RAW: Yes. I got the idea in a store on Clark Street in Chicago, North Clark Street. I saw a sign which appears in Illuminatus!, and the sign says, "No employee may punch the time card for any other employee. Any deviation will result in termination. The Mgt.", which obviously stood for the management. But looking at that sign, I immediately conceived of this character, this angry midget who's on a crusade to stamp out sizism and not to concede a fucking inch to the conceited and arrogant giants who run the world.
He wants to get little people recognized for the contributions they've made. And he also engages in guerrilla warfare against their expectations. Like, he's the one who's wired the traffic signs so they say "Walk" on red and "Don't Walk" on the green.
Everybody has noticed that. Well, that's his work.
And he engages in a lot of other activities like that calculated to drive the overgrown majority out of their heads and make them a little uncertain. He's at war with the concept of the average or the normal, actually. These things are very unscientific and dehumanizing terms.
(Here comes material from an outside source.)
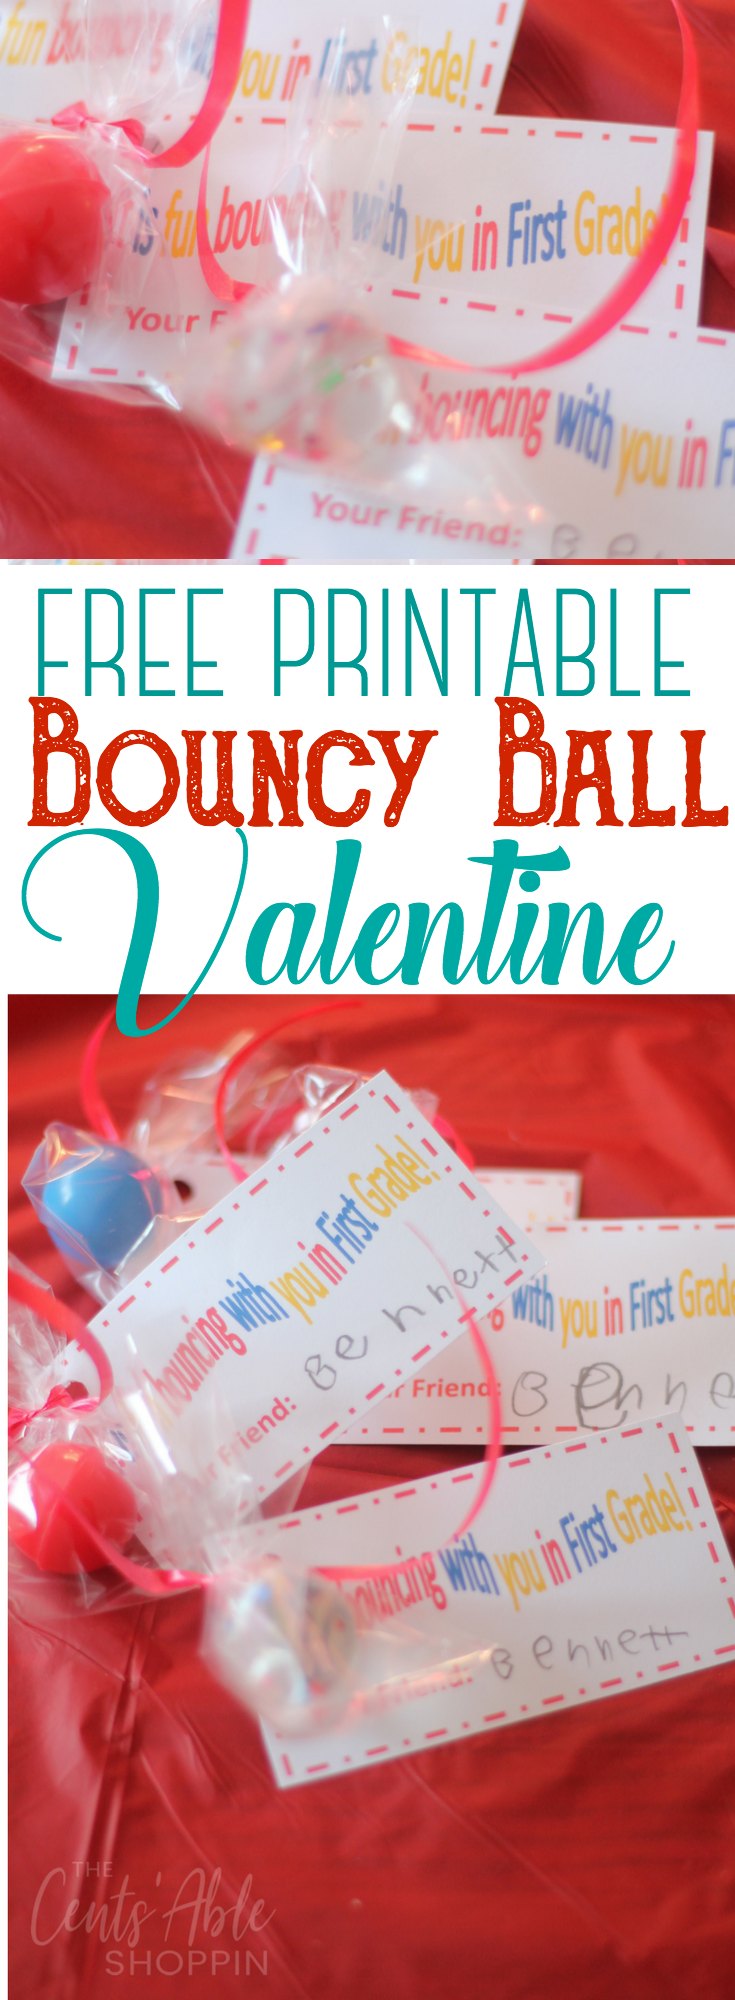 This adorable bouncy ball Valentine is easy to put together and a unique way for boys and girls to celebrate Valentine's Day with friends and family!

He's been adopted as a hero by gay people and "Stamp Out Sizism," which is a slogan he goes around graffiti-ing, has been picked up all over the Castro, I'm told.
He later wrote a book...a book called Little Men with Big Balls claiming all important science and art was created by men less than five feet tall. The publisher decided Chaney had some kind of unconscious bias of his own and changed the title to Little People with Big Ideas ...
CCN: Well, it sounds as if the efforts of the midget come from his own biases and, perhaps, some personality problems. What is it that drives you to be a guerrilla ontologist yourself? What's the chip on your shoulder?
RAW: Well, I find that I'm not normal either. Chaney's problem was very conspicuously visible. Society treats people different if they're short.
A very good friend of mine, the actor David Rappaport, who played Markoff Chaney on the stage in England and Amsterdam once said, "You see the world entirely different when at a party all you see is people's crotches and asses." You have a different view of the world, and...I think I reflect the views of people who are alienated for one reason or another from orthodox society.
Some people are alienated in ways that make my books very uncomfortable for them because their form of alienation is part of what I'm satirizing. I'm not only satirizing the normal. I'm satirizing everything that seems absurd or unreasonable to me.
CCN: Certainly, Illuminatus! was a collection of every absurdity on every level, something for everyone.
RAW: There's hardly anything in that book that isn't based on something that's widely believed by some group of paranoids or individualists, or whatever you want to call them, some dissident group.
CCN: But back to the chip on your shoulder that's leading you to be a guerilla ontologist ...
RAW: Chip on my shoulder? I prefer to consider it a dilation of perception.
For instance, I'm the American director of the Committee for Surrealist Investigation of Claims of the Normal (CSICON). We insist that "the normal" doesn't exist outside pure mathematics.. In the real world everybody is abnormal in one way or another. As James Joyce said, "The State is concentric, but the individual is eccentric."
And so we have a $10,000 reward for anybody who can produce any perfectly "normal" man, woman or child, normal in all respects, or even an "average" sunset or an "ordinary" day.
And so far, nobody has collected it. The normal, the average and the ordinary are total fictions.